PV Sindhu’s laughter filled the pause between sentences; she was ecstatic and making no effort to hide it. The bogey of losing finals, of being the ‘silver’ girl, had been dealt with in 37 minutes. That is the time Sindhu, 24, took to become the first Indian badminton world champion after two failed attempts, in 2017 and 2018, had seen her finish second best.

After Basel, no one will ask Sindhu why she loses finals anymore. It was tiring answering different versions of the same poser anyway.

Sindhu had lost an epic final against Japan’s Nozomi Okuhara in 2017. But on Sunday, the Japanese was like a candle in the wind and Sindhu became only the fourth player in history to win gold (2019), silver (2017 and 2018) and bronze (2013 and 2014) in women’s singles at the World Championships.

ALSO READ: Couldn’t hold back tears when I saw Indian flag, heard national anthem: PV Sindhu

Preceding her are China’s Li Lingwei, Gong Ruina and Zhang Ning.

 Also Watch | PV Sindhu receives grand welcome at Delhi airport; vows to win more medals

Following the 21-7, 21-7 victory on Sunday, Sindhu spoke about the previous losses in the final, the role of her coaches in lifting her game, her demolition drive in the semi-final and final and more.

Excerpts:

How does it feel to reach the pinnacle of your sport?

I do not have words to express (my feelings). It is definitely a great moment for me as well as for the country. I am feeling really happy and when the flag was flying high and the national anthem being played, it was a very proud moment. I got goosebumps.

For how long have you been nurturing this dream of being a world champion?

Since I started playing. It was the motivation to work hard. I got bronze medals in 2013 and 2014, that was okay but the last two times (2017 and 2018) when I missed it (the gold); I went through a lot of emotion. So, I definitely wanted this. I was, like ‘okay, I think it is time for me’. It is a much awaited victory.

 

You were in demolition mode in the semi-final and final.

I don’t know how... but I was prepared and focused. Of course, I was preparing for every match but this final was very important for me.

This was probably the shortest final ever in terms of the number of points played.

In terms of the scores, yeah, but there were long rallies. I didn’t think it would be easy. I was prepared for everything. It happens every time against Japanese players, a long match with long rallies. But this time, I made sure I dominated the long rallies. Even though I was leading and gave away a few points, I immediately recovered, got a huge lead and then closed it (game) off. From the beginning, I was dominating but I had to be alert in defence and attack.
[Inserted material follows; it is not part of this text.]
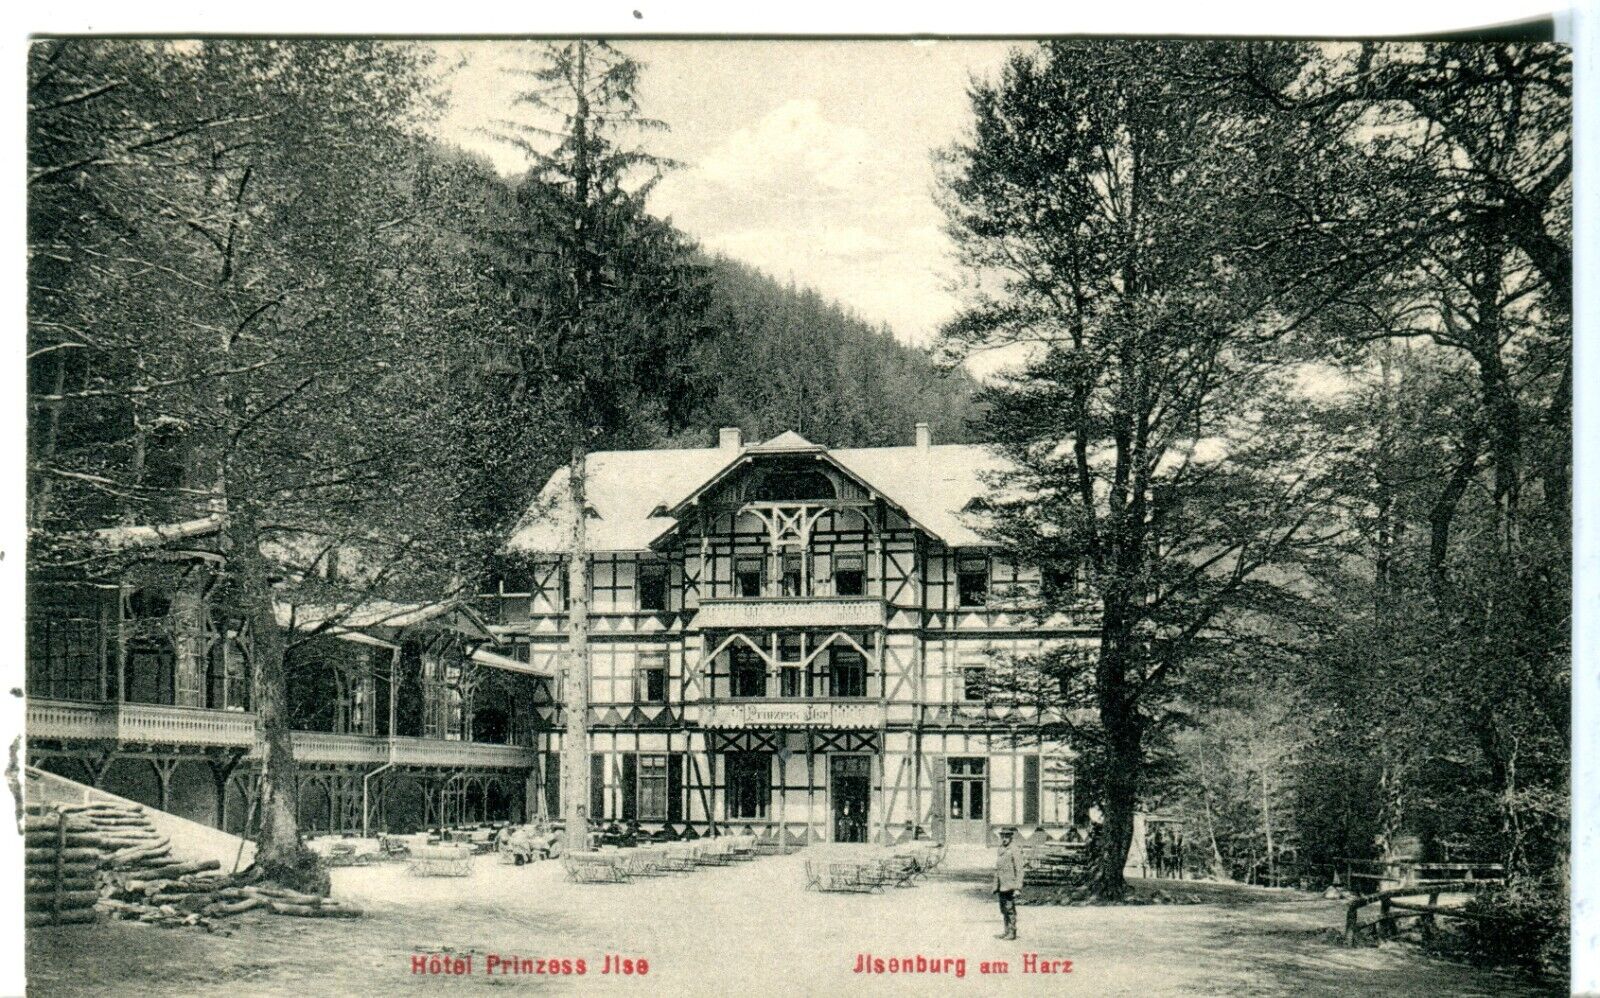 Germany AK Ilsenburg 38865–38871 - Hotel Prinzess Ilse old postcard

There was no particular strategy, every point mattered to me.

You clicked a selfie with Okuhara after the match. What did she tell you?

She congratulated me and said that I played really well.

Did the come-from-behind quarter-final victory against Tai Tzu Ying charge you up for the next two rounds?

That match gave me a lot of confidence. To come back and win the second and third games, it was very close. When I was playing that match, even though I was trailing, I had hope. Each point was very important for me and I did it.

You were totally in charge in the semis and the final. What were coaches Kim Ji-hyun and Pullela Gopichand telling you in between points?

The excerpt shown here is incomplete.